What about convergent evolution? Are you ruling that out because you reason that there are many possible structures that could do the same job so it's too much of a coincidence how close it matches?
IANAB, but from what I do understand. It depends what you mean by different genes. Information wise, DNA is a string of base 4 digits(nucleotides) in groups of 3 digits, these groups are called codons. Each codon corresponds to a specific amino acid*. A protein is made up of a bunch of different amino acids chained together. The gene determines which amino acids are chained together and in what order. This long chain of amino acids tends to fold up into a complex 3 dimensional structure, and this 3 dimensional structure determines the protein's function.
Now, there are a couple ways a gene could be different without altering the protein's function. It turns out multiple codons can code for the same amino acid. So if you switch out one codon for another which codes for the same amino acid, obviously you get a chemically identical sequence and therefore the exact same protein. The other way is you switch an amino acid, but this doesn't meaningfully affect the folded 3D structure of the finished protein, at least not in a way that alters its function. Both these types of mutations are quite common; because they don't affect function, they're not "weeded out" by evolution and tend to accumulate over evolutionary time.

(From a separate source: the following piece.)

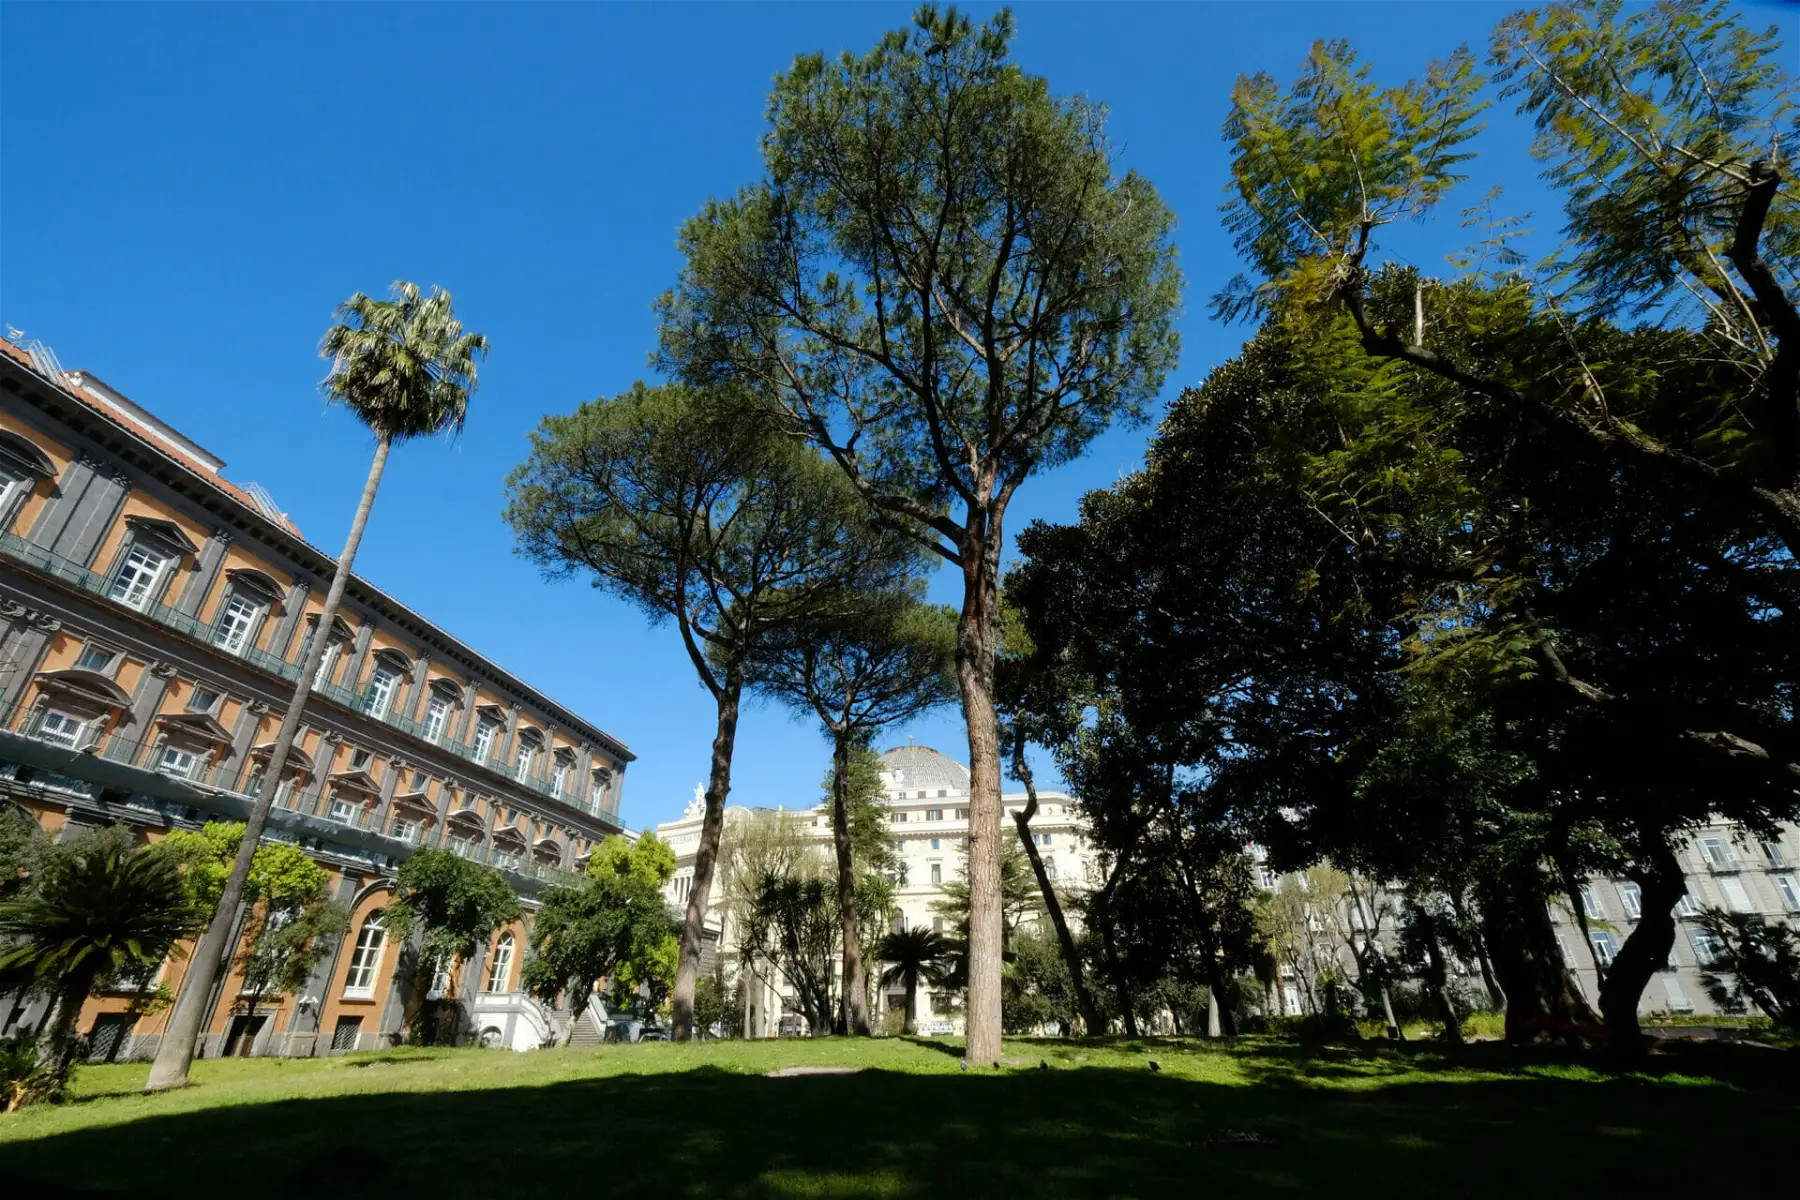 Napoli, confermato il divieto d'accesso ai cani nei giardini storici di Palazzo Reale. Il Tar respinge il ricorso
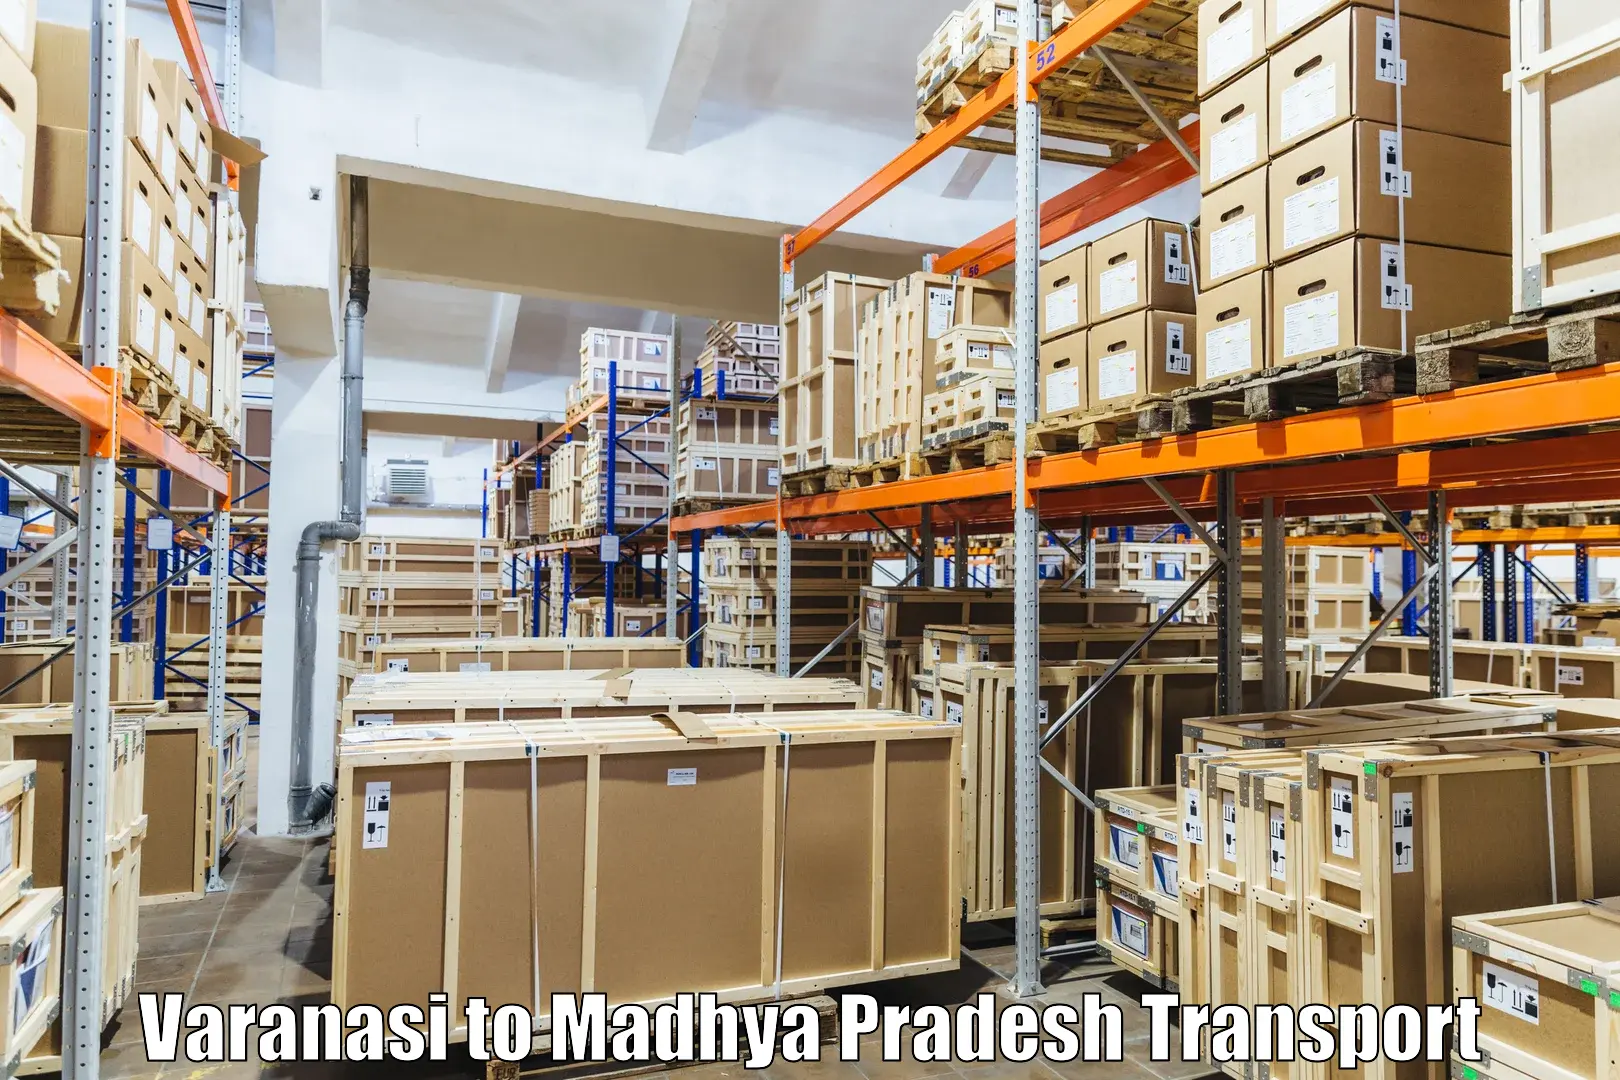 International cargo transportation services Varanasi to Ashoknagar

* except for a few that are known as start and stop codons. They delineate the start and end of a gene.
You could build houses from bricks, timber or poured concrete that all looked the same in the end. Their internal structures and methods of construction would be different, but they would have the same form.
For a given output, you could write a program in wildly different programming languages, or even use the same language but structure it in wildly different ways.
If there's no match for the source code (genes), then find a match for the output (protein).
In terms of 3D fold - i.e. the general abstract shape of the protein in 3D, you can make loads of substitutions without changing it, generally as long as you stay within the same class.
It's not until you compare the 3D shape that you see the relationship.
The typical route of discovering those viruses was first genetic. When you get a genome (especially back when this work was initiated), you'd BLAST all the gene sequences against all known organisms to look for homologs. That's how you'd annotate what the gene does. Much more often than not, you'd get back zero results - these genes had absolutely no sequence similarity to anything else known.
My PI would go through and clone every gene of the virus into bacteria to express the protein. If the protein was soluble, we'd crystallize it. And basically every time, once the structure was solved, if you did a 3D search (using Dali Server or PDBe Fold), there would be a number of near identical hits.
In other words, these genes had diverged entirely at the sequence level, but without changing anything at the structural (and thus functional) level.
Presumably, if AlphaFold is finding the relationship, there's some information preserved at the sequence level - but that could potentially be indirect, such as co-evolution. Either way, it's finding things no human-guided algorithm has been able to find.